## Try it:
Go through the listing below, and from the line containing "Caramel Popcorn (Refined" through its last line, transcribe every line exactly, skipping pictures.

-- Input data follows --

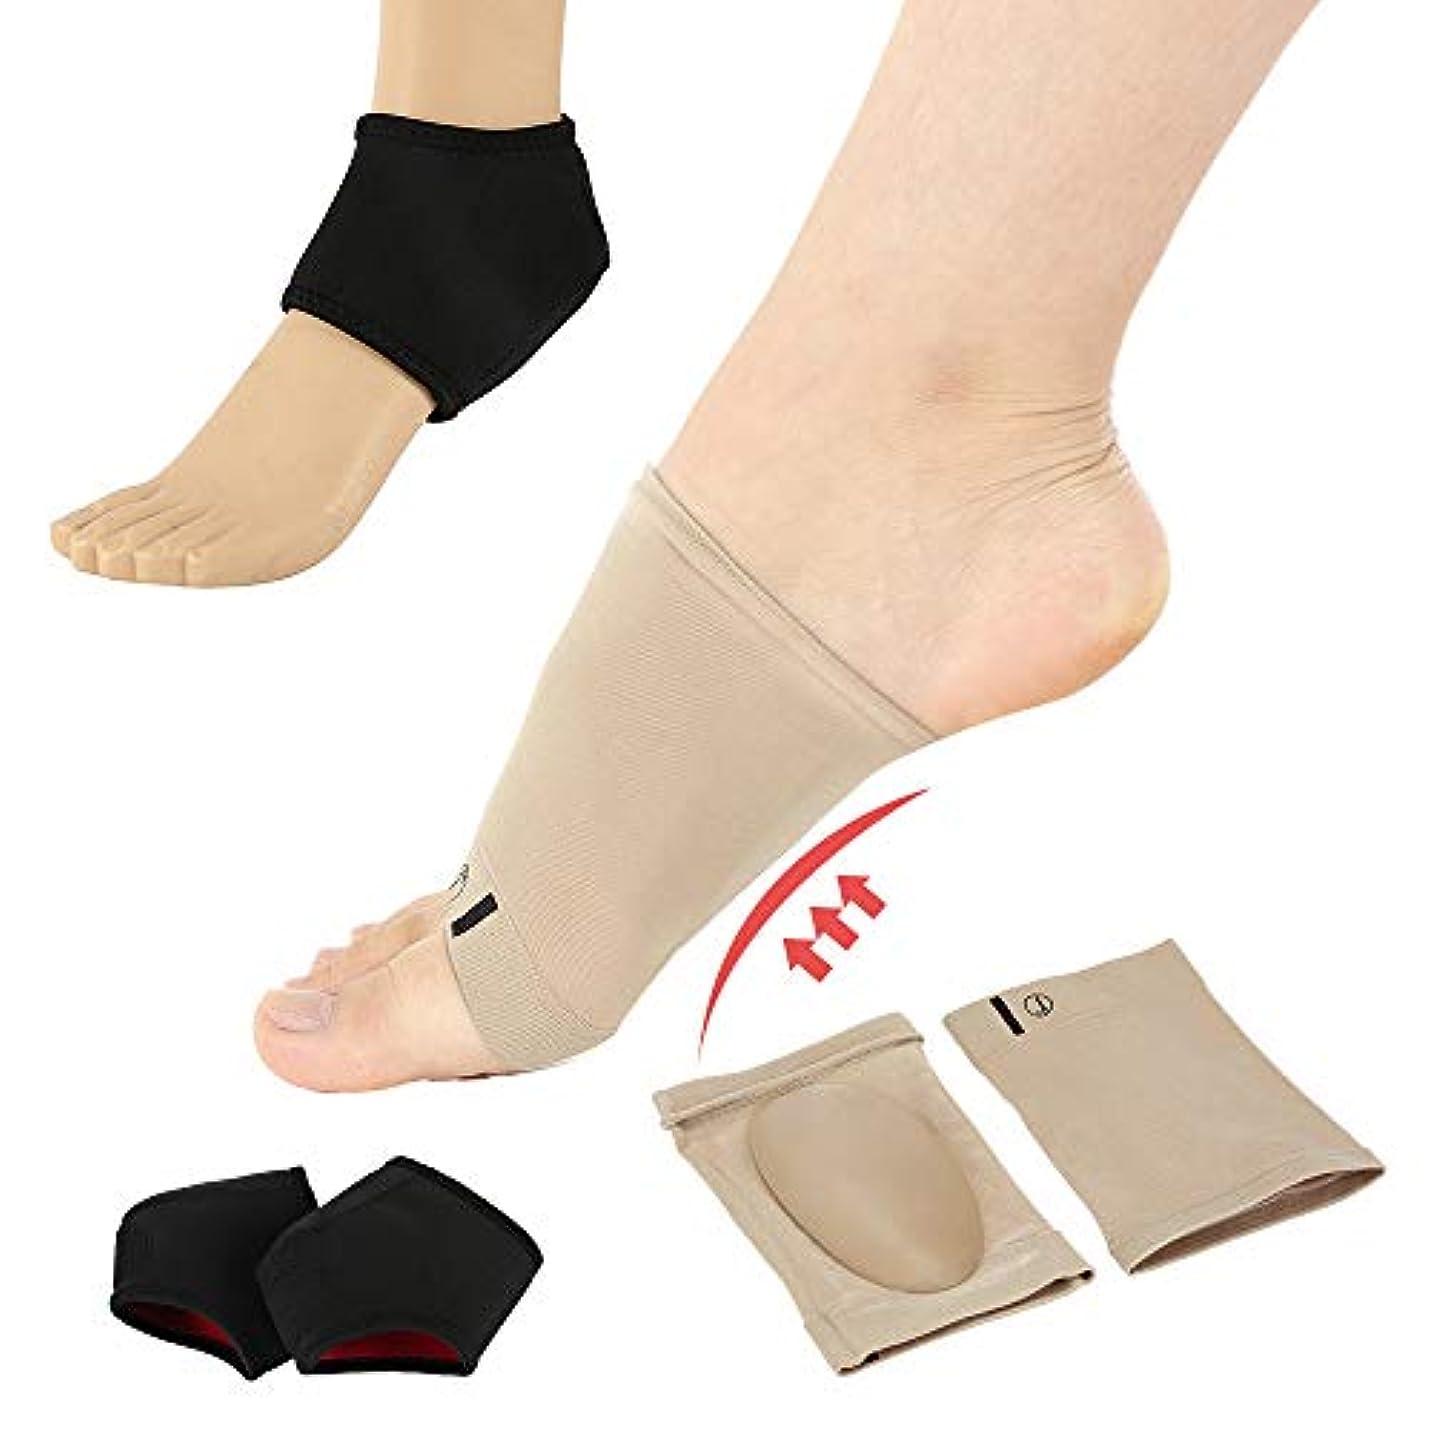 重大ウィンク地下鉄Thatboyjp 足首サポート 足首ブレース 足底筋膜炎 足の痛み解消 サイズ調整可能 アーチサポーター シリコン素材 足の痛み防止 足裏 フリーサイズ 男女兼用
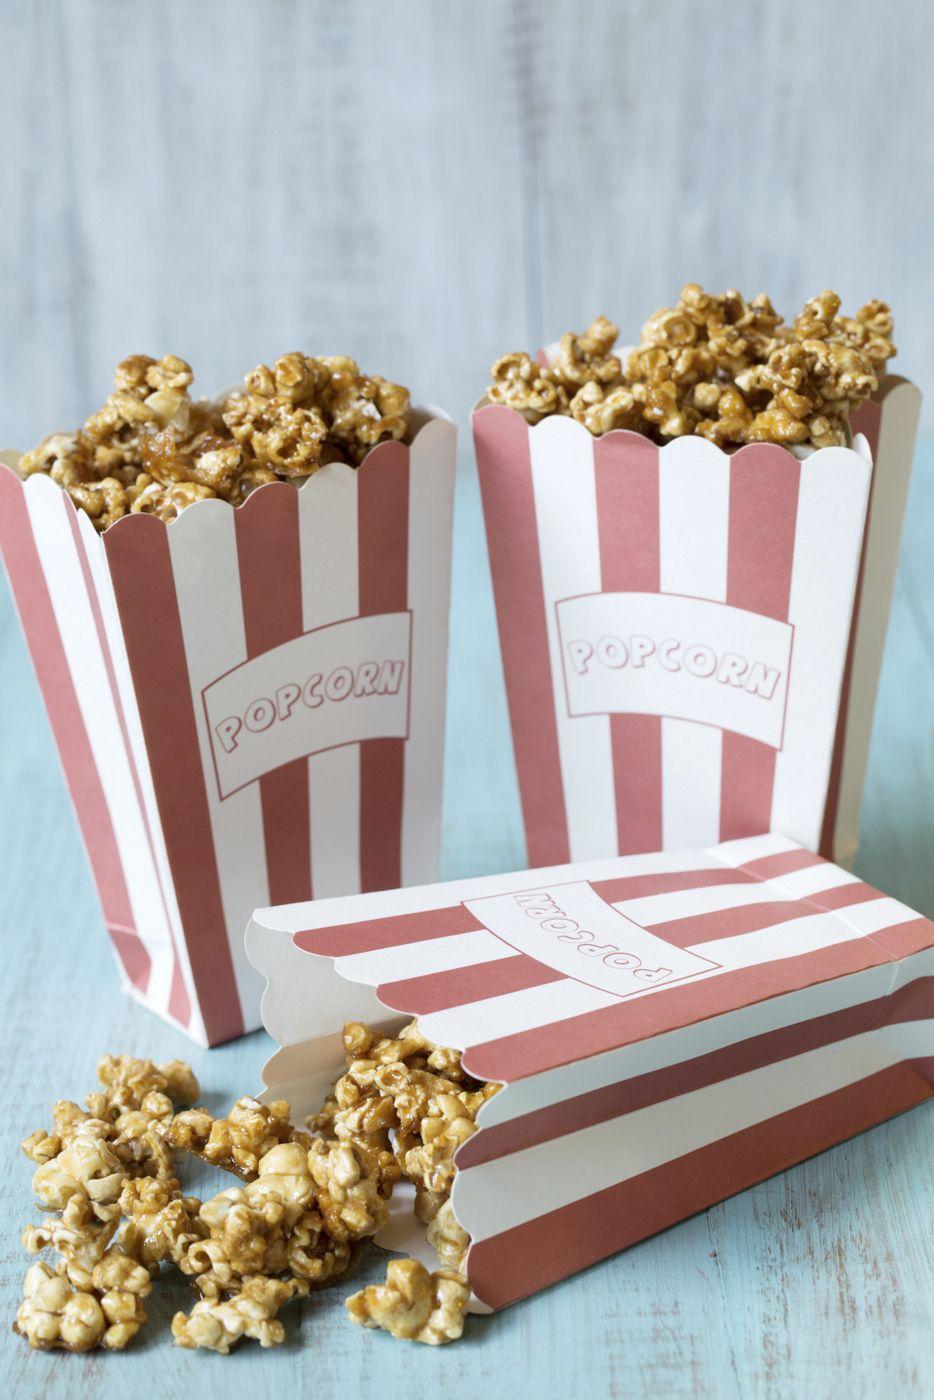 Caramel Popcorn (Refined Sugar Free, GlutenFree, Vegan
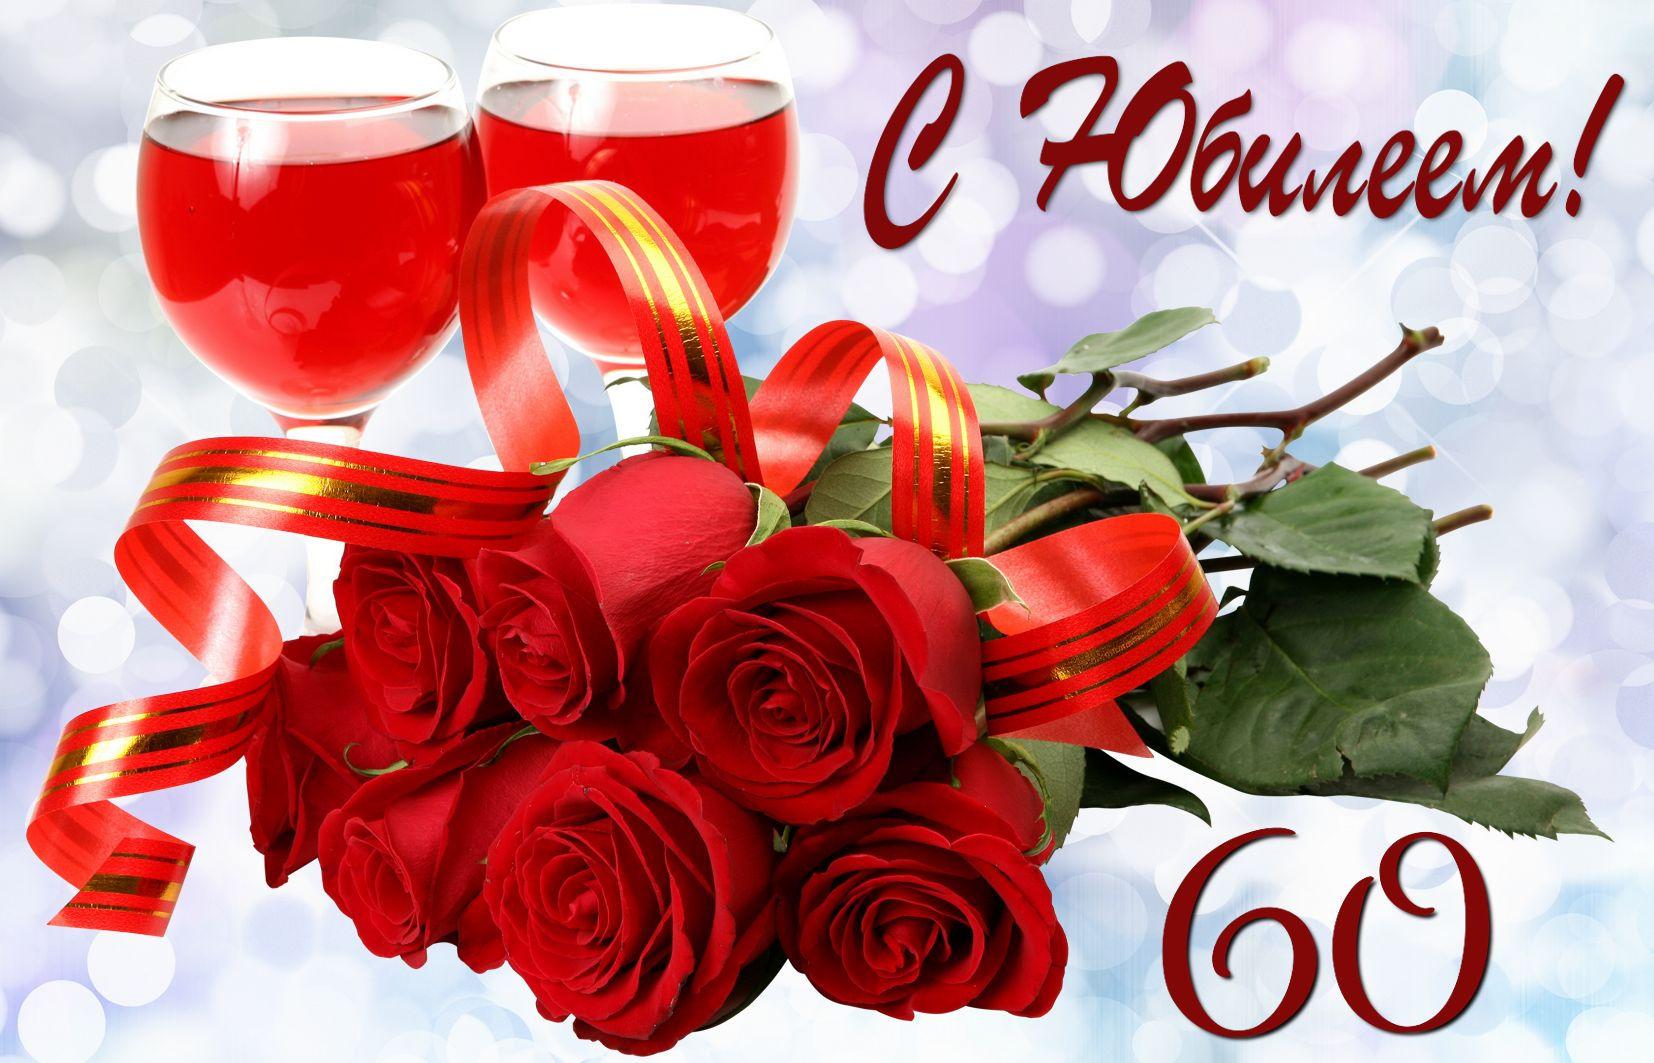 Открытка на 60 лет - бокалы с вином и розы на юбилей
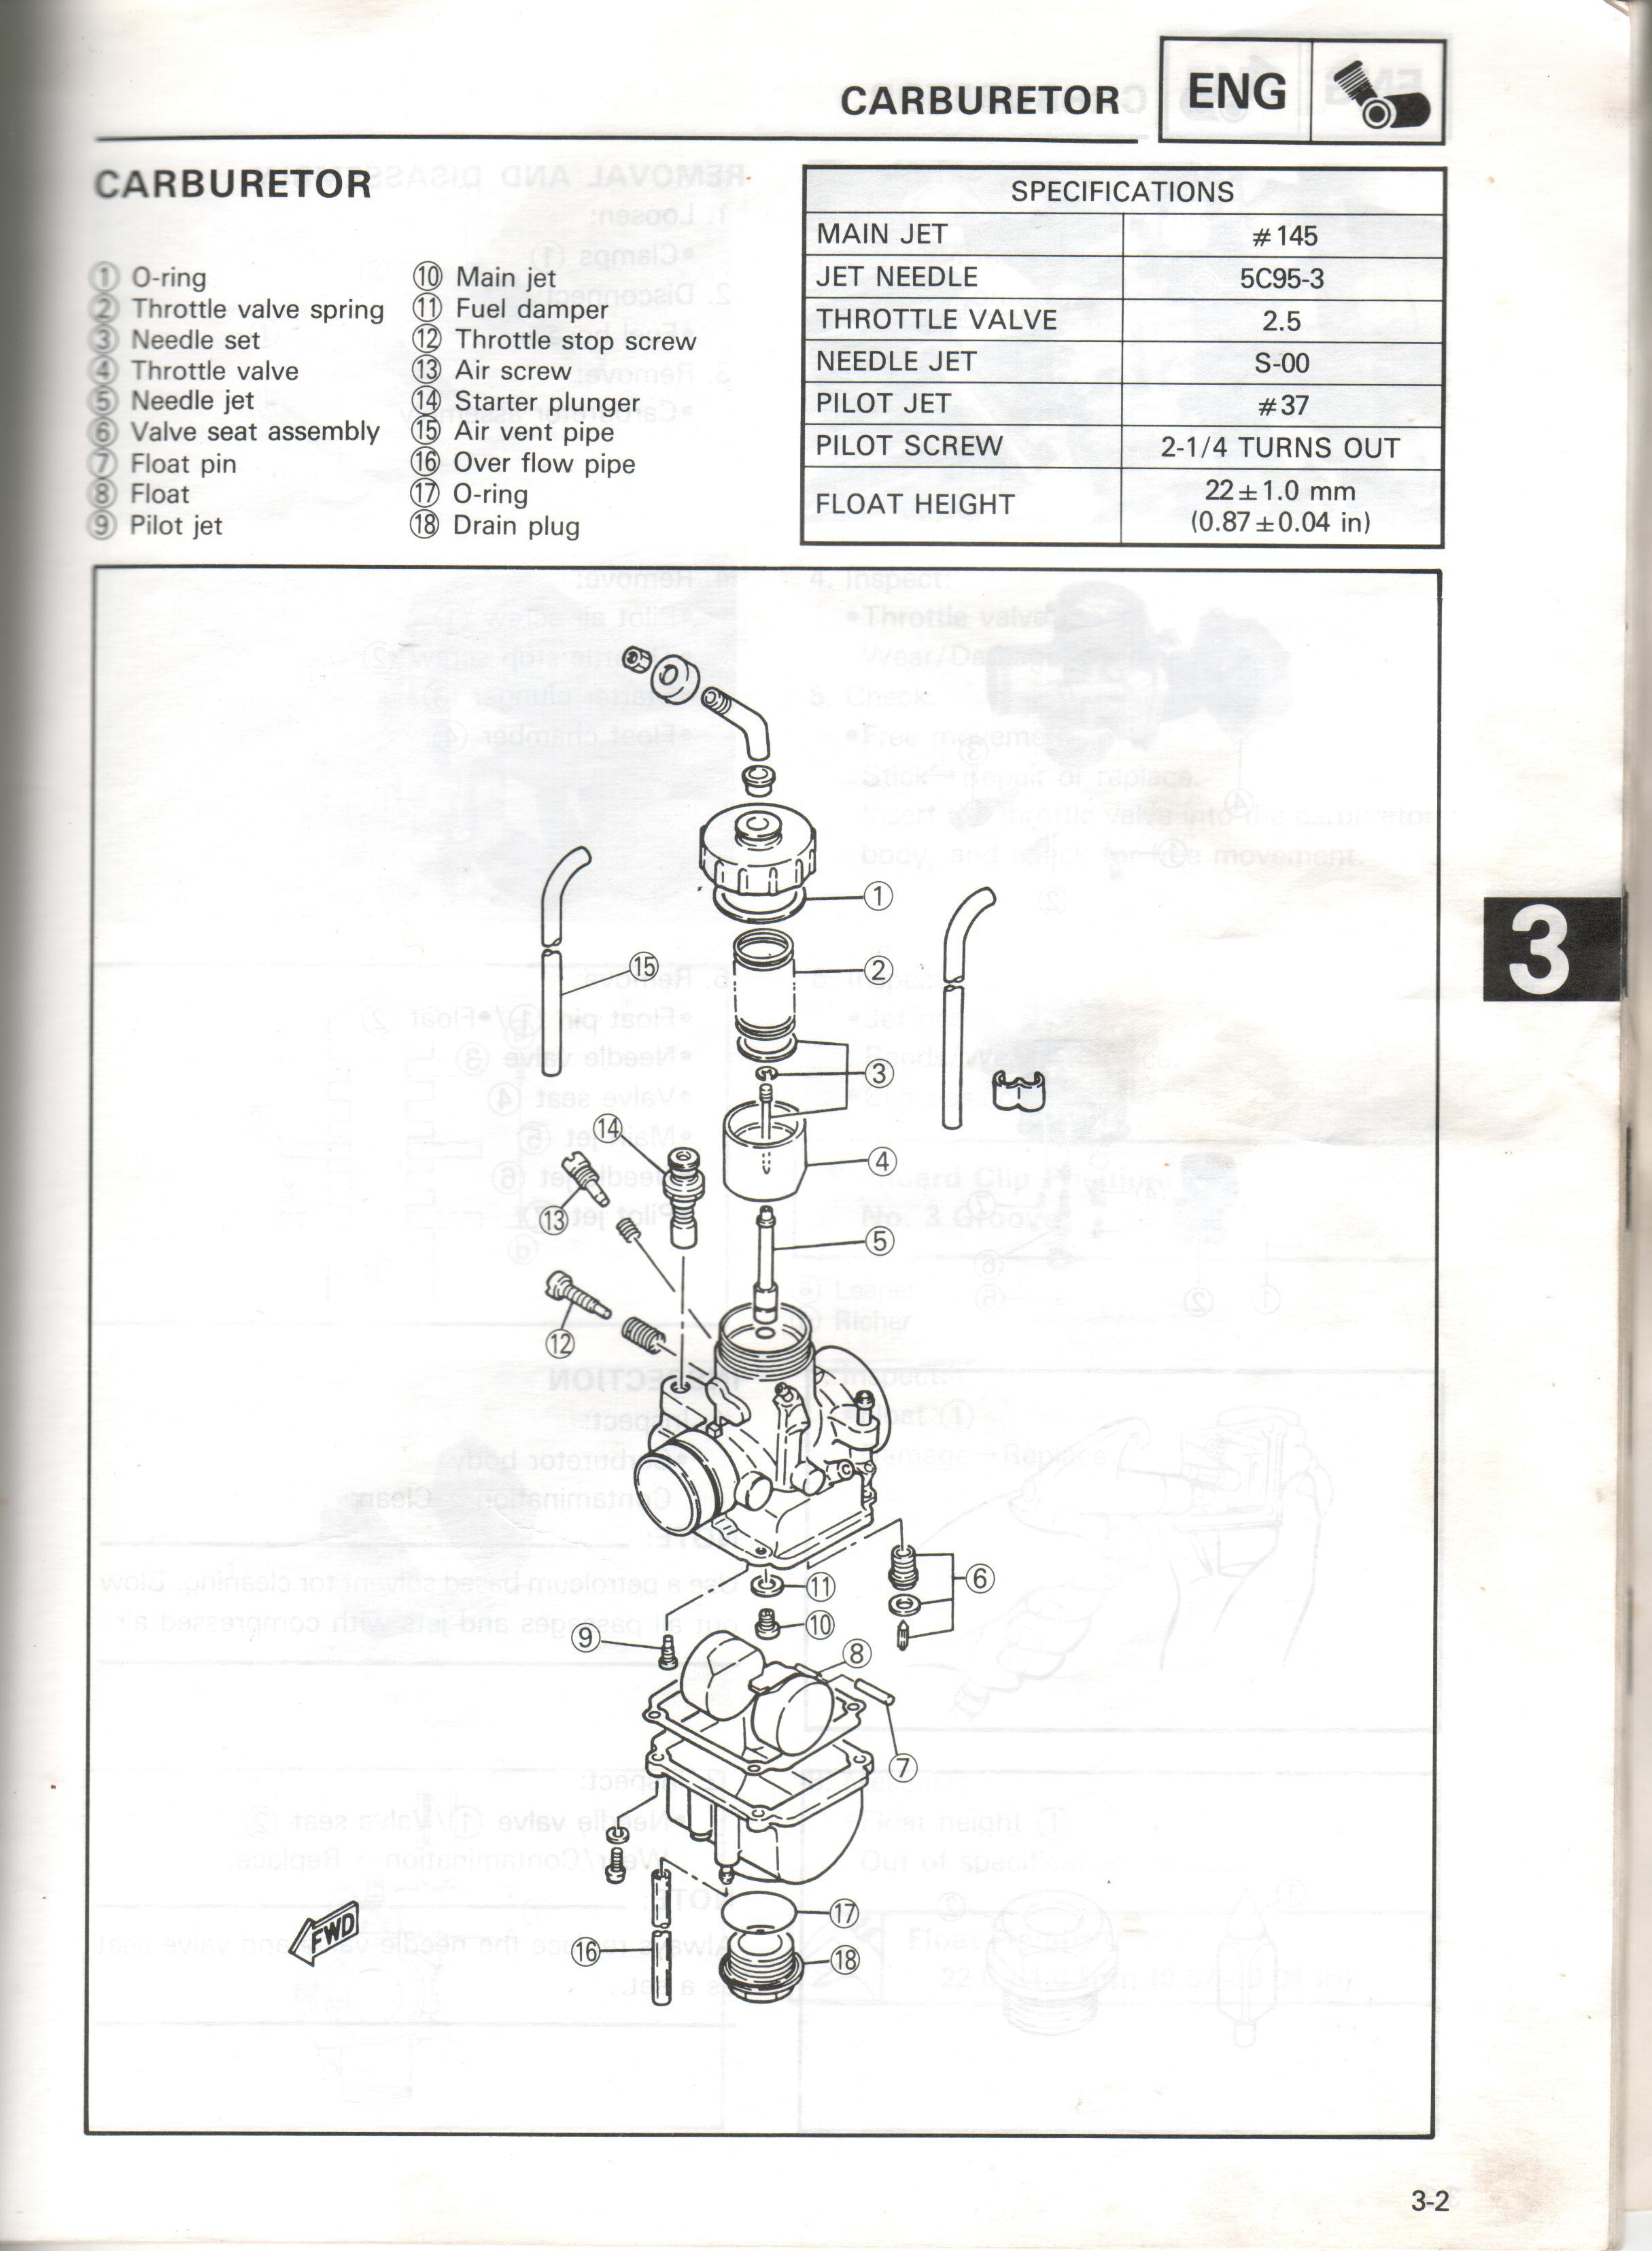 yamaha xt225 carburetor diagram

-- Input data concluded --

## Exercise output:
 Caramel Popcorn (Refined Sugar Free, GlutenFree, Vegan
 Открытка на 60 лет - бокалы с вином и розы на юбилей
 yamaha xt225 carburetor diagram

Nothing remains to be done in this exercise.